This promotional video was uploaded in January 2012 to announce the dataset and it's primary features. In the video you can see very graphically what this dataset is about.In the following sections you will be able to find a detailed explanation of the dataset features and footage, as well as the download links of the different parts of this New Tsukuba Stereo Dataset.



This dataset contains 1800 stereo pairs with ground truth disparity maps, occlusion maps and discontinuity maps that will help to further develop the state of the art of stereo matching algorithms and evaluate its performance. It has been generated using photo-realistic computer graphics techniques and modeled after the original "head and lamp" stereo scene released by University of Tsukuba in 1997.

The dataset is a 1 minute video sequence and also contains the 3D position and orientation of the camera on each frame, so it can also be used to develop and evaluate camera tracking methods.

This dataset is freely downloadable for Research and non-commercial purposes. The download links are provided below.


This dataset has been created entirely computer generated in 3D using a wide variety of 3D and photo edition software.

All the objects in the scene were modeled using polygonal modelling.

For some more complex objects was also a necessity to create UV coordinate maps, in order to be able to apply to them a 2D texture created using photo edition software to add a very realistic level of detail.

The next step was to create real world looking materials and apply them to the 3D objects, and set accurate photometric lighting conditions (all of this materials and lights behave following real world physics, which make them look absolutely realistic after the rendering process)

Once all the scene was computer graphic generated, we proceeded to render it. During render time, the computer's CPU made all the calculations of how the photons emitted by the CG light would react when reaching a certain surface, and how that surface would react to this light, depending on it's glossiness levels, transparency or translucency parameters, etc...

The final result is a photorealistic video, in which we can know absolutely any parameter, distance, measurement or 3D position, due to it's existence in a computer generated world, with a defined coordinate system.


1800 Stereo Pairs

Having our CG scene created and properly lit, we can add any number of stereo/regular cameras, that will also behave as real world cameras within this computer generated scene.

For this dataset, we created a stereo camera and animated it moving trough the scene.

The result is a 1 minute video with a frame rate of 30 frames per second, which gives us a total of 1800 frames for each of the stereo cameras (3600 images in total)

In future works we might consider the possibility of adding any other number or setting of cameras in order to create new interesting datasets for researching purposes.

100% accurate Depth Map

Since we are working on a completely CG generated scene, we can very easily obtain parameters such as depth maps.

Because our scene is inside a world in which we know the exact position of every coordinate, we can generate a very accurate depth map, for we can know the distance between the camera's lens and any object in the scene.

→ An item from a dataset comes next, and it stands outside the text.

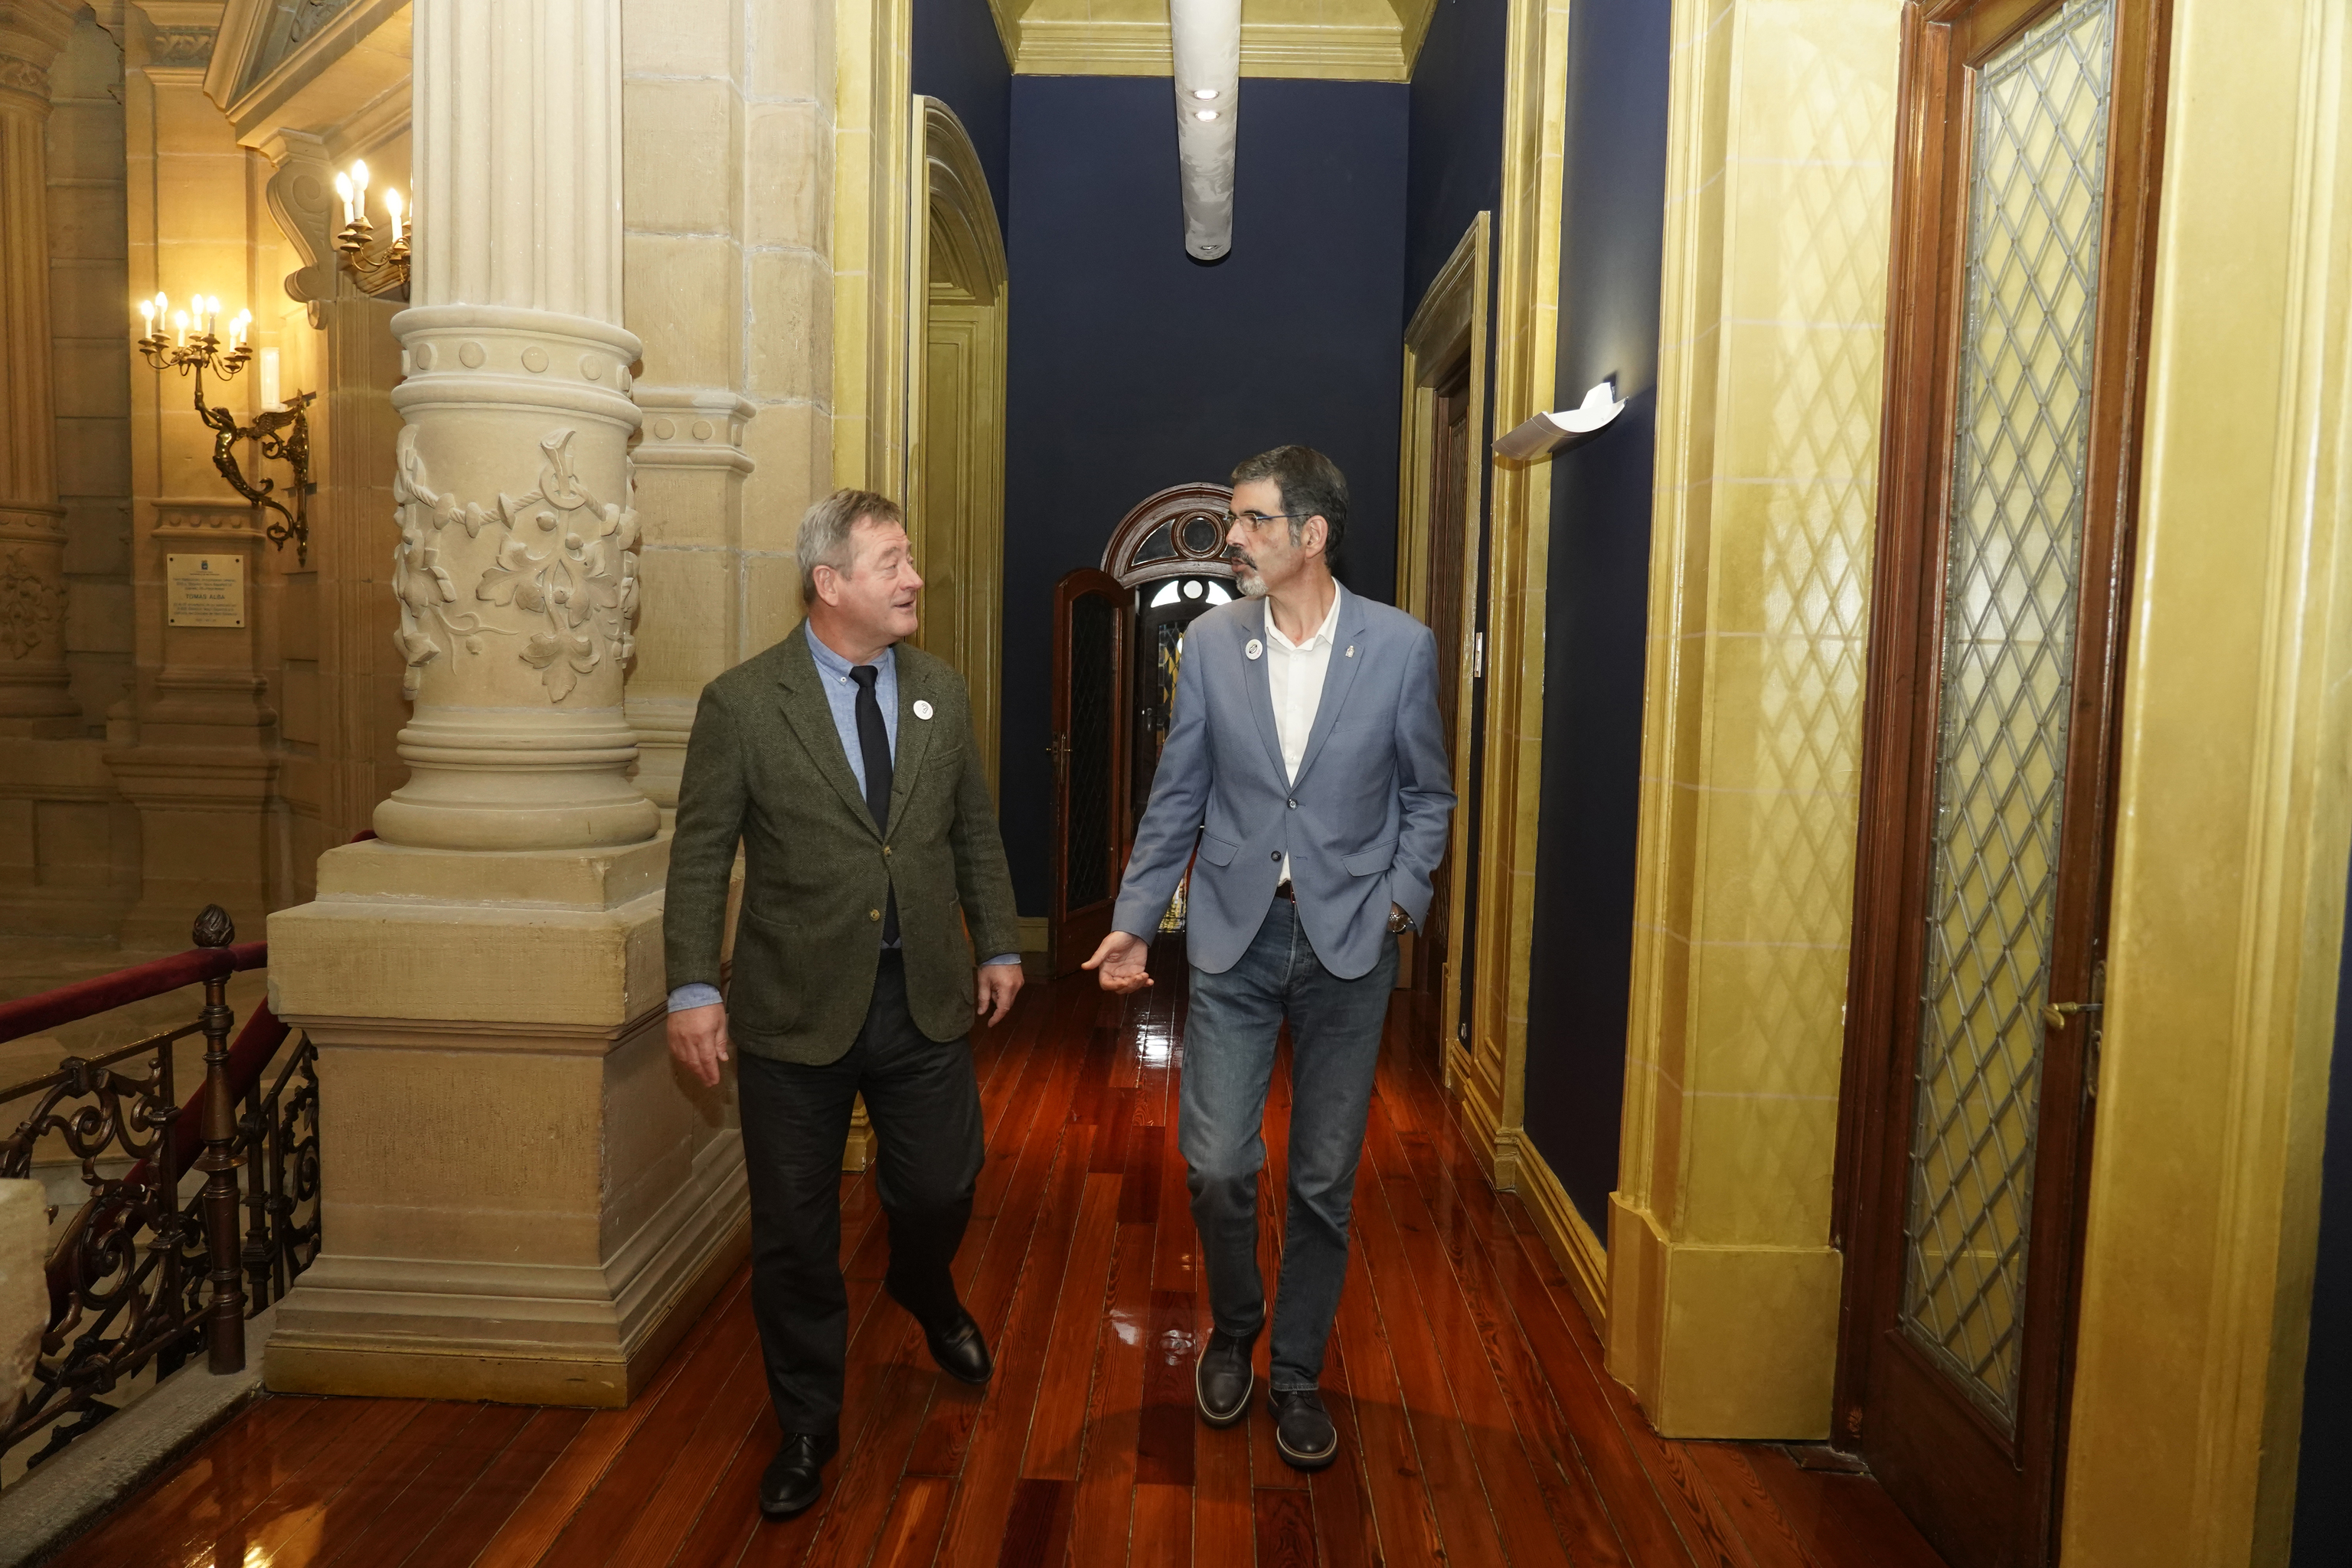 El portavoz del Gobierno vasco Bingen Zupiria y el alcalde de Donostia Eneko Goia durante un encuentro en el Consistorio.

Thanks to this fact and the use of some advantages offered by the 3D software, we can generate that 100% accurate depth map, with one depth image for each of the 1800 stereo pairs in the video.

Disparity, Discontinuity and Occlusion

We can obtain this three maps from the CG generated Depth Map. There is a total of 1800 Stereo Pair maps for each class. This three maps are also available for downloading as part of the Dataset.

Camera Coordinates for Visual Camera Tracking Algorithm Validation

Additionally to the video footage, we have also generated a list with the 3D position of the stereo camera in every frame of the video. We believe this information will be very useful for Visual Camera Tracking Algorithm Validation and SLAM.

This file will be found in the download section.

Four Different Illumination Conditions

We created 4 different stereo pair sets, one for each different illumination conditions: Daylight, Fluorescent, Lamps and Flashlight.

Every one of them has the same features described in the above section 1800 Stereo Pairs.

Each Illumination Condition with exception of Fluorescent, has specific issues that will create difficulties for the tracking algorithms, that will help develop better algorithms using our dataset as training data for research purposes.


This is the default illumination. It provides no big challenge, since the lighting condition is very even in the surfaces, creating no exaggerated contrasts between light and shadow.


This lighting condition is very similar to Fluorescent in a way that gives a smooth illumination to the objects in the scene with the exception of the areas near the window, in which due to the intensity of the sun light, we get an over exposed image creating a challenging real world difficulty for the algorithms to solve. This data, combined with the know 100% accurate depthmap (that is the same for any of the 4 different illuminations), can lead to the development of better algorithms that will be resistant to over exposed input images.


Another difficulty is added in this dataset, due to the poor illumination conditions. This scene has been rendered with an environment in penumbra, only lit by the light of a Flashlight attached to the Stereo Camera. This dataset will be specially useful for those researchers developing tracking algorithms for robots or other machines that have to navigate through dark spaces lit only by an attached flashlight or similar.


This scene is almost in complete darkness, lit only by the subtle moonlight that comes in through the windows and the desk lamps. This scene will present a very big challenge to perfect algorithms working with under exposed images.

All four illuminations can be downloaded separately. As mentioned before, the Depth, Discontinuity, Disparity and Occlusion maps are the same for any of the illuminations, due to the geometry and camera position remain the same.